O, kasabaya gelir gelmez, doğruca, Rum mahallesindeki meyhanelerden birine konmuş ve orada konaklamıştı. Meyhaneler, o zamana kadar bir mislini daha görmedikleri bu konuklarına, kucak açtılar. "Baba efendi" Rum azmanlarının, Yunan askerlerinin arasında masa masa dolaşır, içilen içkinin nevine göre, kadeh kadeh, bardak bardak, atiyeler, ikramlar toplardı.
Meyhane kapısından içeri dalarken, bir elini göğsüne bastırarak "Destur" makamında bir "Zito" çeker ve önüne gelen masaya çökerdi. "Eh, yeter artık Baba efendi, biraz da geç başka tarafa" denilinceye kadar o masada nasip aldıktan sonra, öteki masaya giderdi. Her masayı birer birer dolaştıktan sonra kapıdan çıkarken de, geri dönüp lütufkârlarına karşı bir "Eyvallah" çekip sendil pündül, giderdi öteki meyhaneye. Geceleri, hangi meyhanede yıkılırsa, orada serilir kalırdı. Bu rezaletleri yetmiyormuş gibi, meydanlarda, Yunan askerlerinin arasına karışır, bizlere karşı "Yuha" manasına gelen "Zito" naraları arasında, saatlerce hora teperdi.
Yunanlar ve Rumlar, ellerine geçen bu gönüllü maskara ve rezile yüz verir, onu, büsbütün azdırırlardı ve bu suretle, elleriyle, dilleriyle bizlere yaptıkları hakaretleri, bununla tamamlıyor olmaktan ayrıca bir zevk duyarlardı.
Zavallı İslâmcıklar, zaten kan ağlayıp dururken, üstelik, bu rezilin yaptıklarından dolayı da, yerlerin dibine geçiyorlardı. Fakat, ona bir şey yapamaz, bir şey söyleyemezlerdi.
Bir gün, mecburi olarak, bir iş için kasabaya gitmiştim. Geniş bir meydanın kenarındaki ıssız bir kahvenin dışında yalnız başıma oturmuş, önümden akan ırmağa bakarak "Nedir başımıza gelenler?... Ne idik, ne olduk, daha da neler olacağız Yarabbi?..." diye düşünüyordum. Epeyce dalmışım.

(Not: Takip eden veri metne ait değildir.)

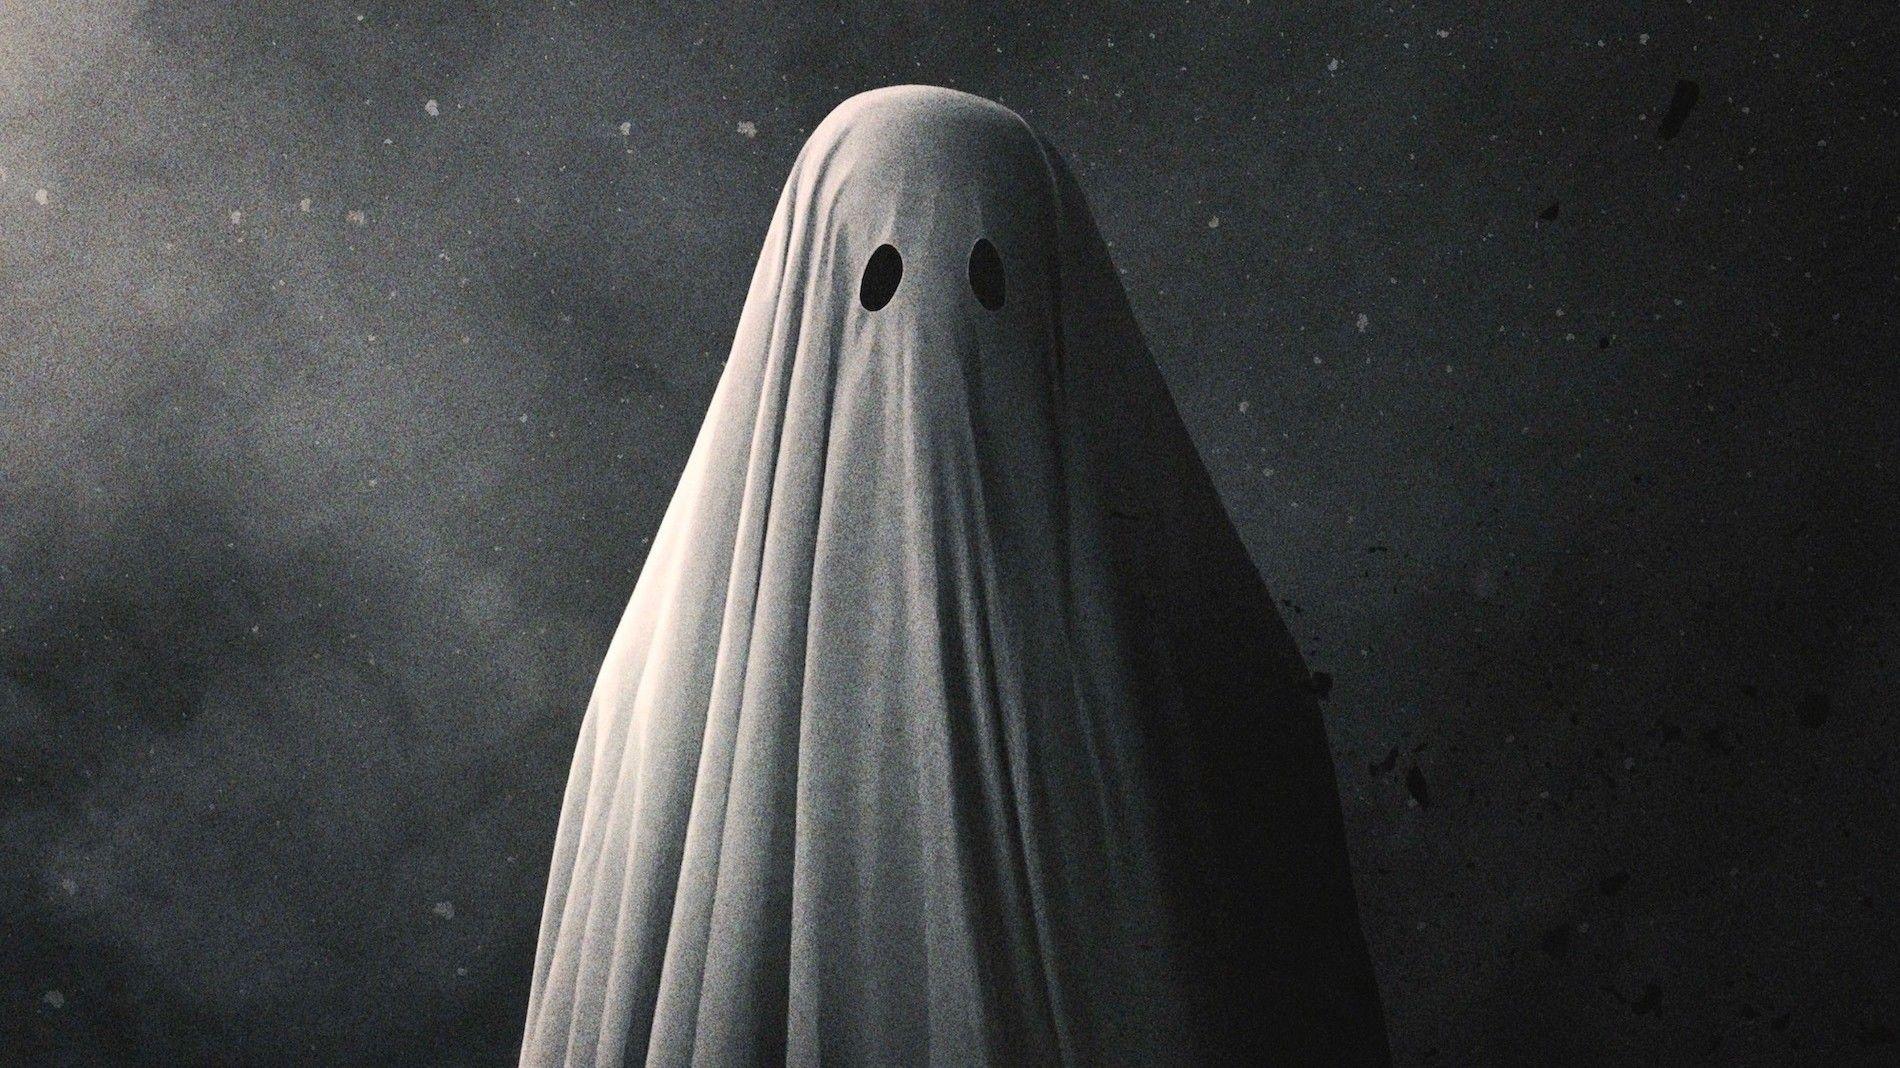 Photo of 表情も言葉もなく佇むだけの幽霊の存在が、たまらなく切ない!『A GHOST STORY』(紀平照幸) – Yahoo!ニ…

O sırada, arkamdan bir elin, okşar gibi, hafif hafif sırtıma vurmasıyla irkildim ve omuzumun üstünden geriye doğru baktım; bir de ne göreyim?.. Etrafa musibet saçan o lanet herif değil mi? Derhal kaşlarımı çattım, suratımı astım "ne istiyorsun?" der gibi sert sert yüzüne baktım.
O, hiç aldırmadan, sarhoşluğun verdiği bir yüzsüzlükle masanın ön tarafındaki boş sandalyeye, yıkılırcasına bir sendeleyişle yığıldı. Artsız, arasız, ağır bir sarhoşluk içinde geçen bir çok günlerin yorgunluğu ile donuklaşmış olan gözlerinin biri bir tarafa, diğeri öte tarafa kaymış, bakıyor mu, yoksa gözü açık uyuyor mu, belli olmayacak derecede bir süzgünlük içinde. Bu şaşkın gözlerin sağa ve sola dönük bakışları, bazen de, burnunun üstünde ve ucunda çaprazlaşıp birbiriyle kavuşuyor, fakat, şöyle bir derlenip toplanıp da iki göz birden aynı noktaya doğru bir türlü yönelmiyordu. Bana:
-Bir sade kahve ısmarla, dedi. Ben:
-İşim var, gideceğim. Ben ısmarlayayım da sen iç, diyerek oradan kaçmak istedim, kahveciye seslendim ve elimi de cebime attım.
-Paranı cebine koy, istersen kahve de ısmarlama. Bana Yunanlar, Rumlar çok ısmarlıyorlar. Sen otur da biraz beni dinle, dedi.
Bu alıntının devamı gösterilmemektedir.